* What is expected
Look below for the line containing "Lord Shiva Kannada". Write out that line and the rest through the last one, exactly as they appear, but without pictures.

:: Data shown

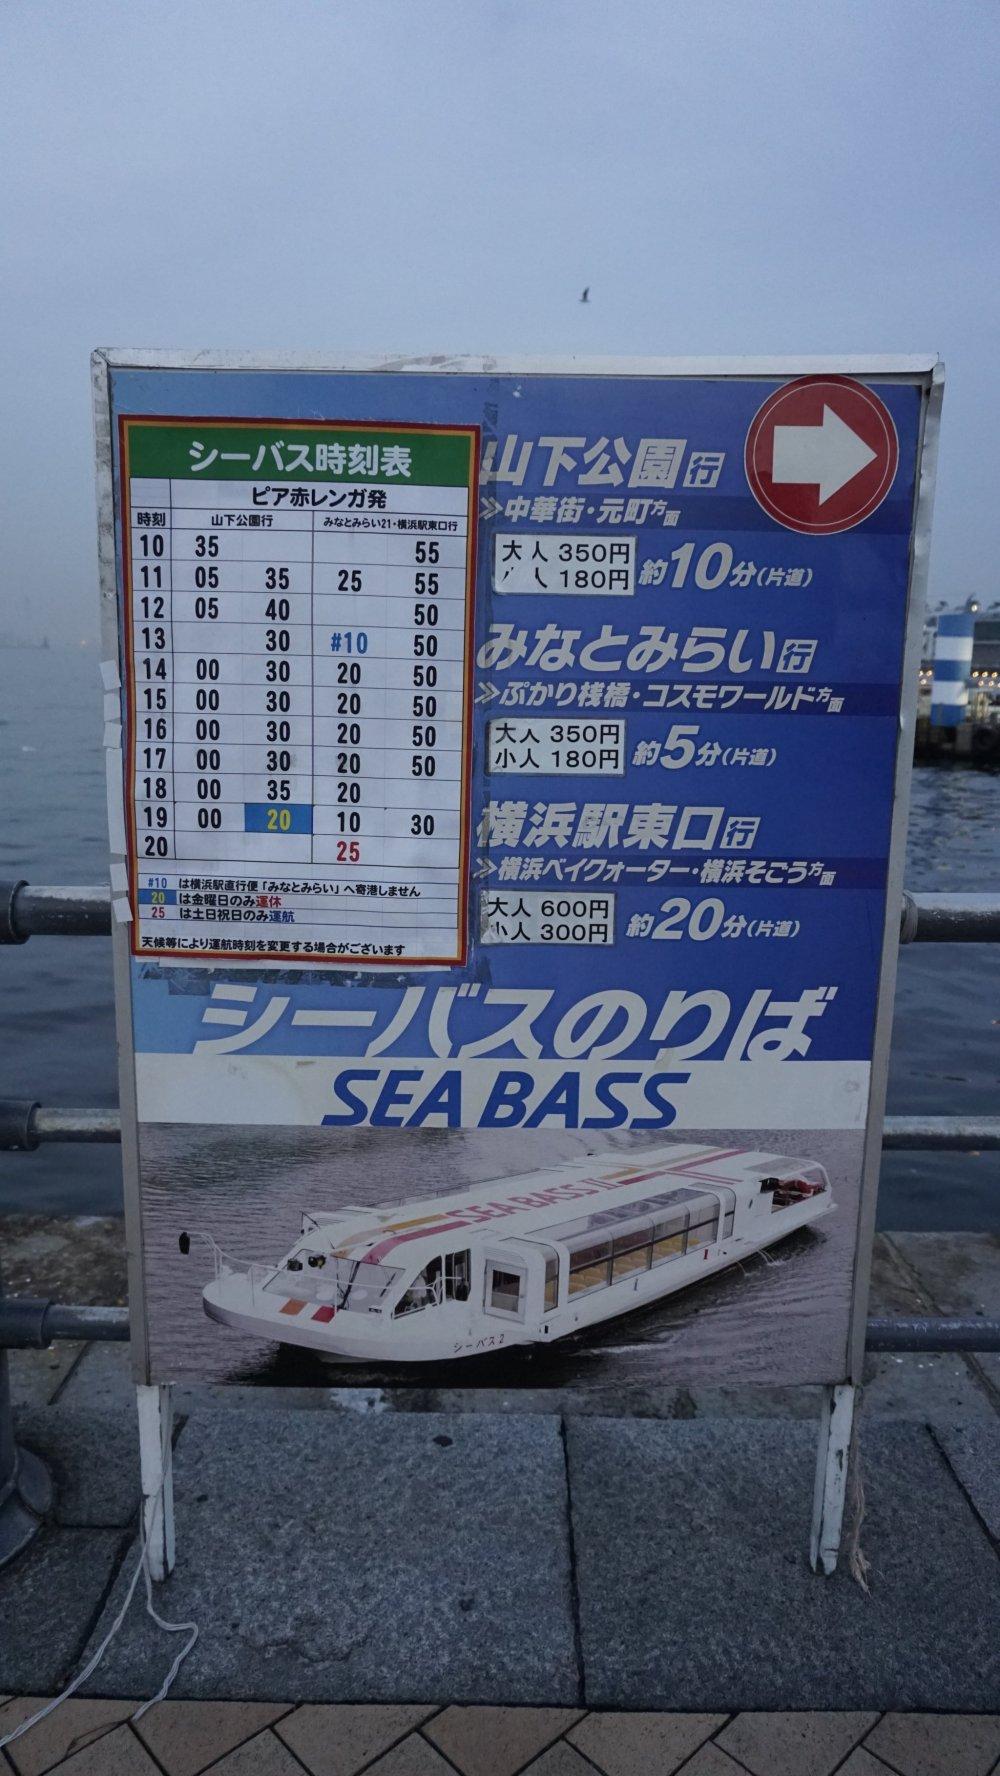 Sea Bass information board
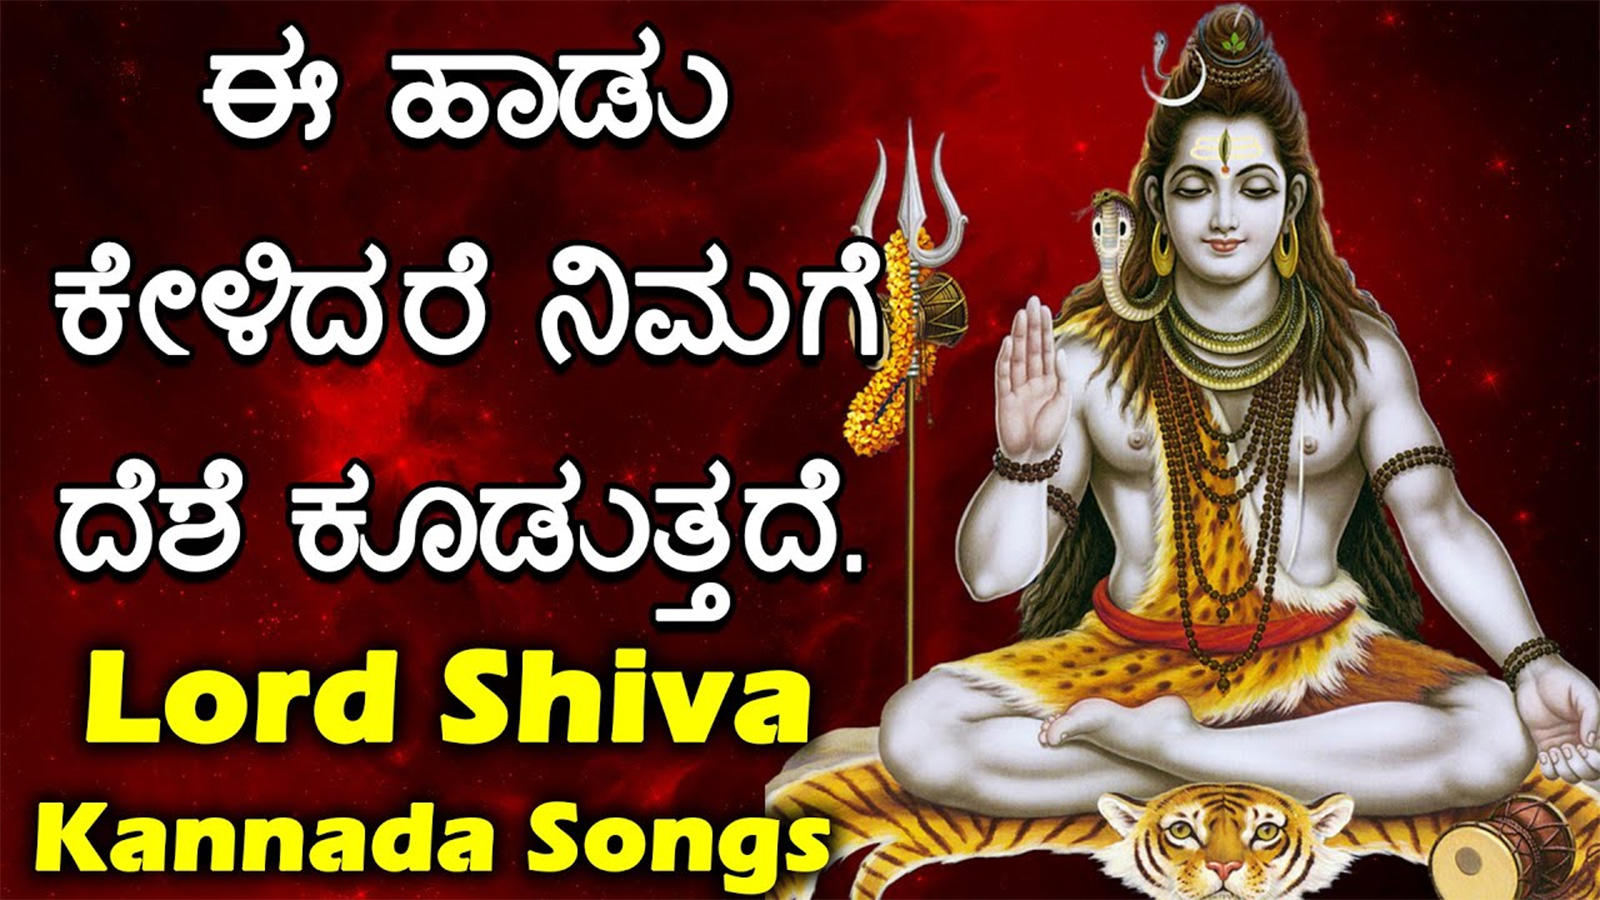 Lord Shiva Kannada Bhakti Songs Listen To Popular Kannada Devotional Video Song Swamy Beerappana Noda Jukebox Popular Kannada Devotional Songs Kannada Bhakti Songs Devotional Songs Bhajans And Pooja Aarti Songs
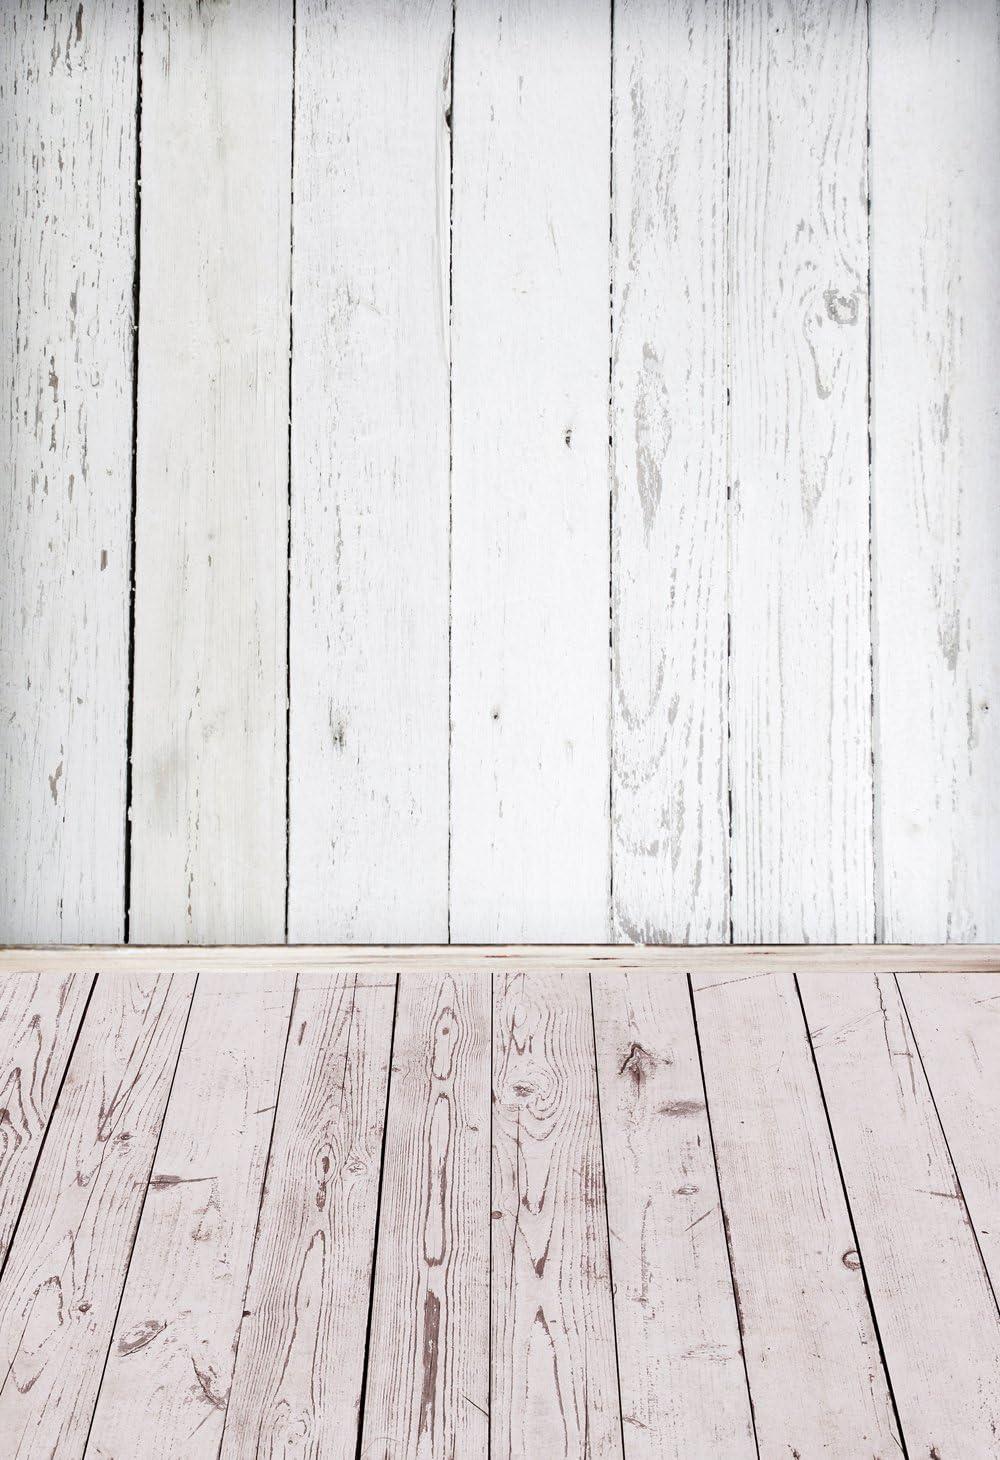 hua-uk blanco madera fotografía fondo para niños fiesta de cumpleaños de pastel rosa mascota xt-5109
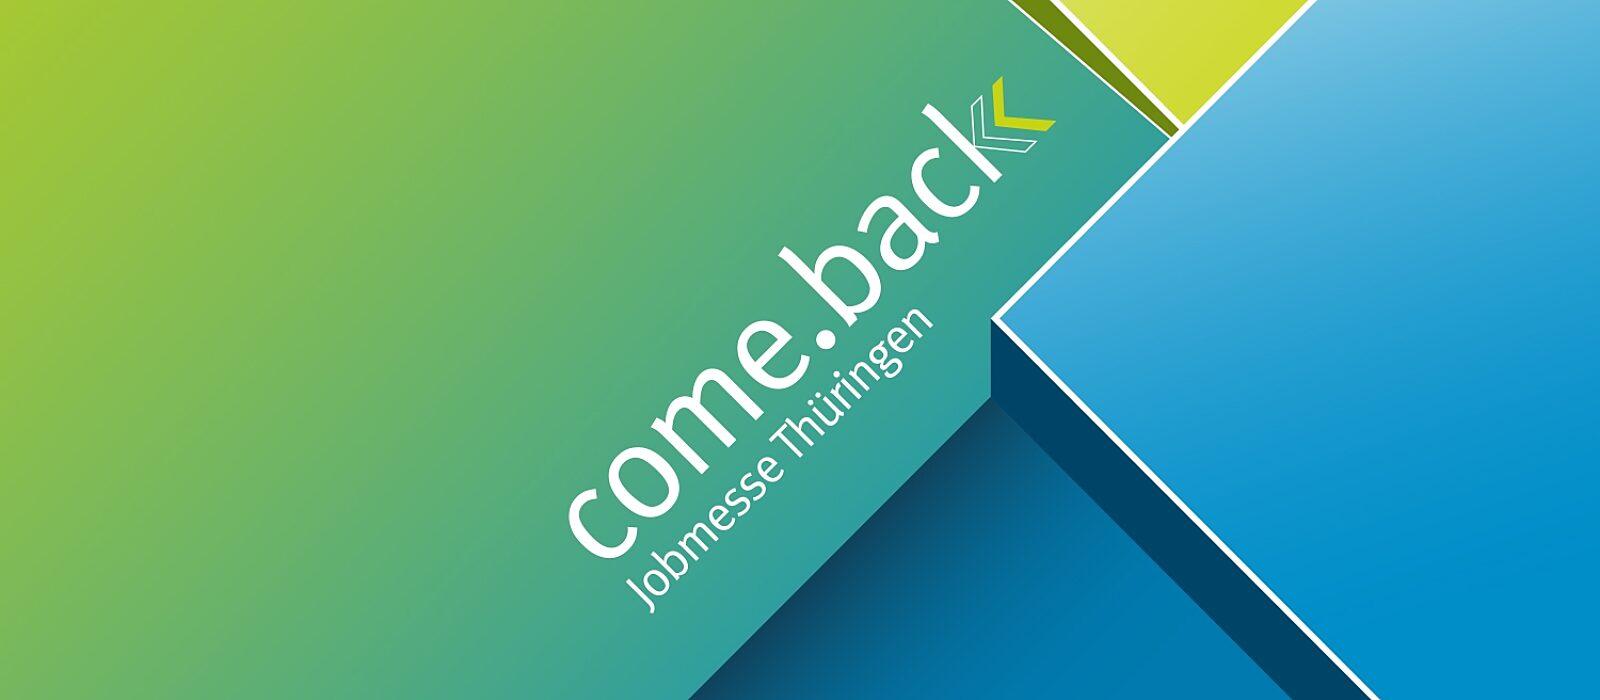 Jobmesse comeback Copyright: LEG Thüringen

::::

* Reply to the exercise
 Lord Shiva Kannada Bhakti Songs Listen To Popular Kannada Devotional Video Song Swamy Beerappana Noda Jukebox Popular Kannada Devotional Songs Kannada Bhakti Songs Devotional Songs Bhajans And Pooja Aarti Songs
 hua-uk blanco madera fotografía fondo para niños fiesta de cumpleaños de pastel rosa mascota xt-5109
 Jobmesse comeback Copyright: LEG Thüringen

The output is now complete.